Е. И. Нифанина - продолжение -
День от дня стало хуже в деревне. Кто ослабел, на работу не может выйти, бригадир скажет председателю. А он пишет кладовщику: « Не выдавай пайку, пускай как знает живёт». Хлеб-то есть, овёс выдавали каждый день, кладовщик из склада не выходила с утра до вечера.
Как то собрались женщины за пайком, еле стоят на ногах. Говорят между собой: « Егорко-то с ума сошёл». Парасья подтвердила: «Мы вчера на скотном дворе обряжаемся. А он пошёл на улку и ревёт» Пожар!». Но тут подошла сзади Кузина и сказала: « Помер Егорко-то». Все так и ахнули. Опять покойник, все на одном месяцу. Егорко был двенадцатый ребёнок в семье и тому уже было сорок лет. Два брата на войне, да три погибло в гра-жданскую войну и шестой брат стал жертвой войны… Так судачили женщины. Та же Кузина сказала: « У меня вчера Демидова унесла кошку и , наверное сварила и съела…

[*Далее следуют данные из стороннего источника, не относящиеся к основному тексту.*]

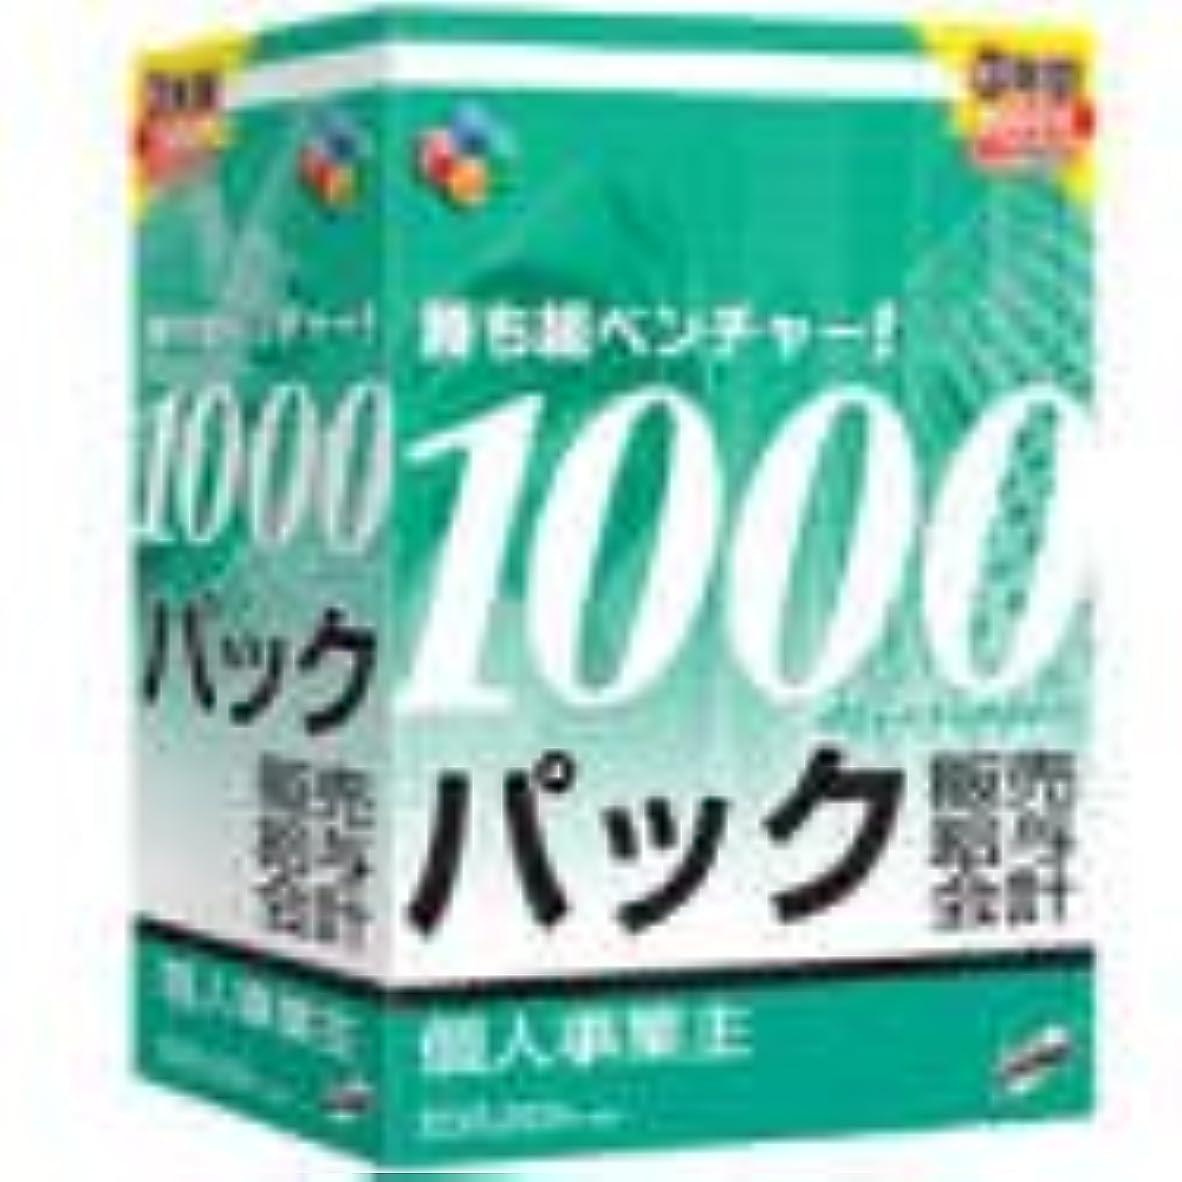 悪性プロフィールライブ勝ち組ベンチャー! 1000days supportパック 個人事業主

- « Ой, беда-то, жонки! Она уж сколько кошек-то съела, да она у Марочко, говорят, собаку сварила. Голод – всё заставит…
После того разговора женщин, дня через три, потерял собаку Васенька, брат председателя. Он пошёл прямо к Демидовой. Когда зашёл к ней в избу, она не усидела на лавке. Не зря говорят: на воре шапка горит. Не здороваясь, Ва
сенька сразу стал говорить строго: - « Ты, у меня, суку зарезала»?

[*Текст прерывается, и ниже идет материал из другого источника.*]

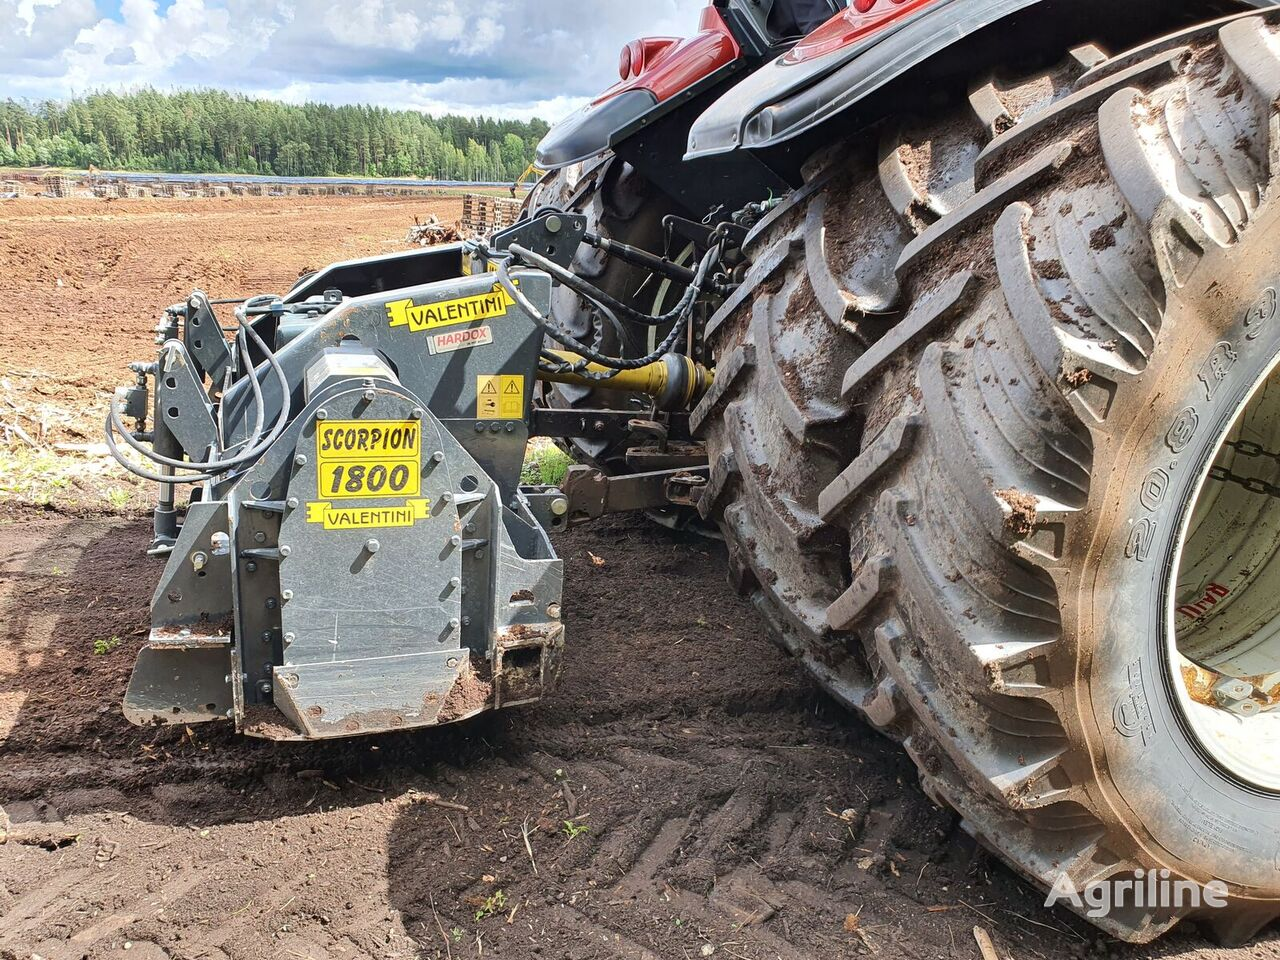 new VALENTINI NAVAJO 1800 tractor mulcher

- « Я не резала, - « ответила та, виновато смотря себе под ноги. Тогда он открыл печь и вытащил чугун. Сразу опахнуло свежим мясом. Открыв чугун, увидел, как плотно сложено мелко изрубленное мясо. Поругал свою род-ную дедину и ушёл. Голод всего сильнее. Не от красы, она ела, кошек и собак.. Как-то пришла к соседке вторая дочь Демидовы, Катика, и говорит: - « Я боле дома жить боюсь. У нас мама вчера говорит мне: « Катика, давай зарежем Костю да съедим»…

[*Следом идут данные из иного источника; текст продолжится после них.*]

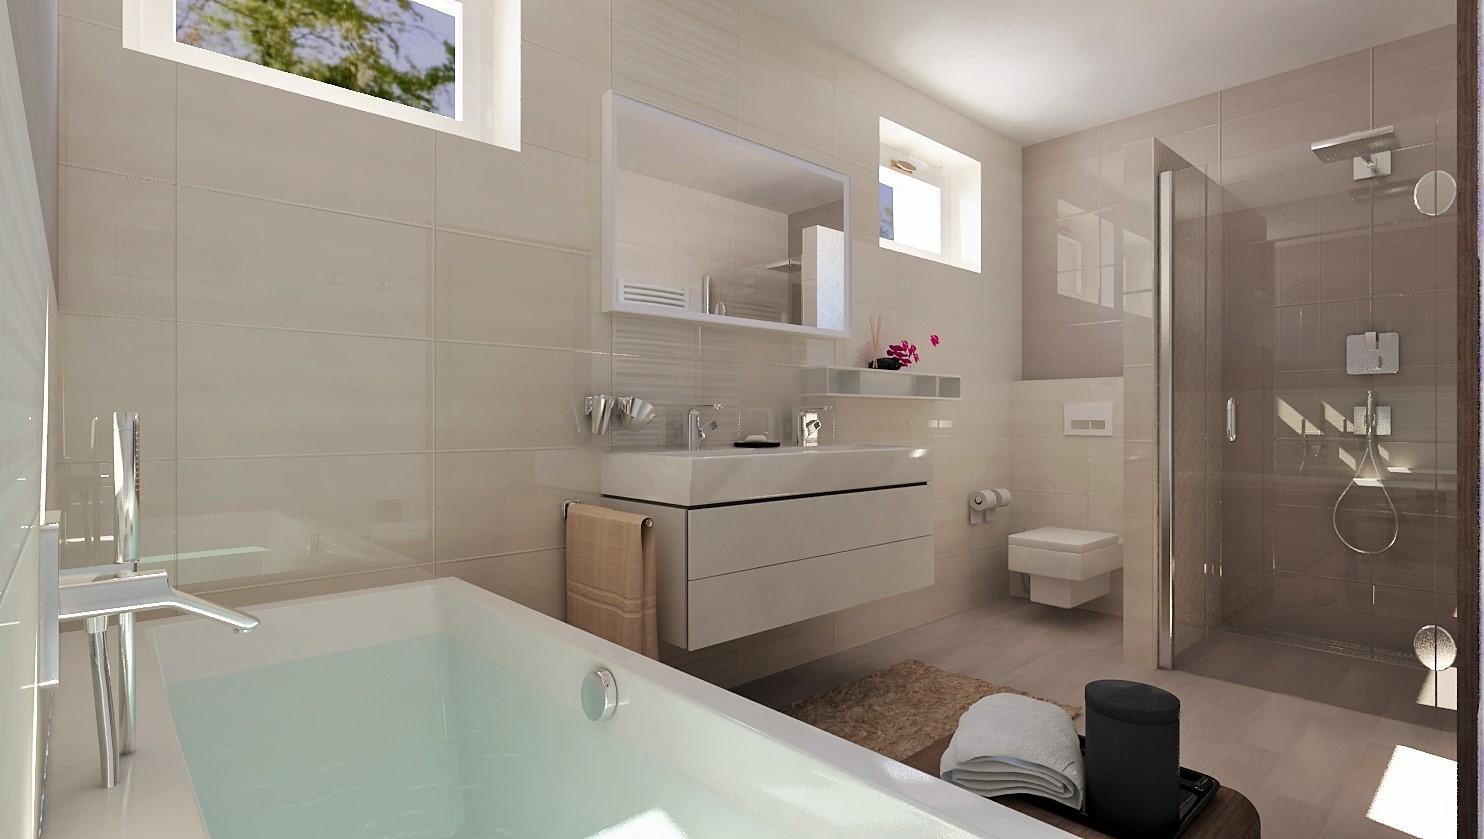 Návrhy a vizualizácie kúpeľní - Obrázok č. 58

Вот до какого унижения была доведена многодетная мать. А их у неё было семеро. Малому – четыре года, а старшая дочь была в кадре. Она сумела как-то мать свою увезти с малыми детьми к себе, в лесопункт. Так и спаслись они…
Машкич.
Звали его Сенька Машкич. Мать – Машка Мишачова – родила его шестнадцатилетней. Кто отец – тогда не спрашивали. Она и подписала его под своего отца, так и вырос Семён Михайлович. На гулянье или в деле всегда кто-то отличался: иной - талантливый, иной – отчаянный. Сенька Машкич уродился боевым. На всякой работе умел себя показать. В первые годы пятилеток, выполняя договор с лесопунктом, слыл тысячником, то есть вырубал за сезон тысячу кубометров леса. Но не сохранил здоровья, остался инвалидом. Хлестануло однажды его дерево, вылетела правая рука. Так и подсохла. Остался Семён Михайлович с одной, здоровой, рукой, и то с левой. Но не пал духом: каждое лето пас колхозное стадо, каждую зиму обеспечивал дровами все колхозные топки, да ещё возил дрова беспомощным колхозникам. Одной левой рукой и нарубит, и навалит. Все дивились ему, как ловко орудовал он топором. .. В сорок пятом тоже возил дрова, пока совсем не выбился из сил. Это случилось в феврале, от голода ослаб весь и слёг. Организм-то у человека весь здоровый. Только и знал, что просил: «Ись, хочу, дайте ись» ! В В последние дни всё кричал и вертел головой ту и другую сторону. Но никто не пришёл ему на помощь, потому что жена, и двое детей тоже лежали еле живы. Так и помер Семён Михайлович от голода…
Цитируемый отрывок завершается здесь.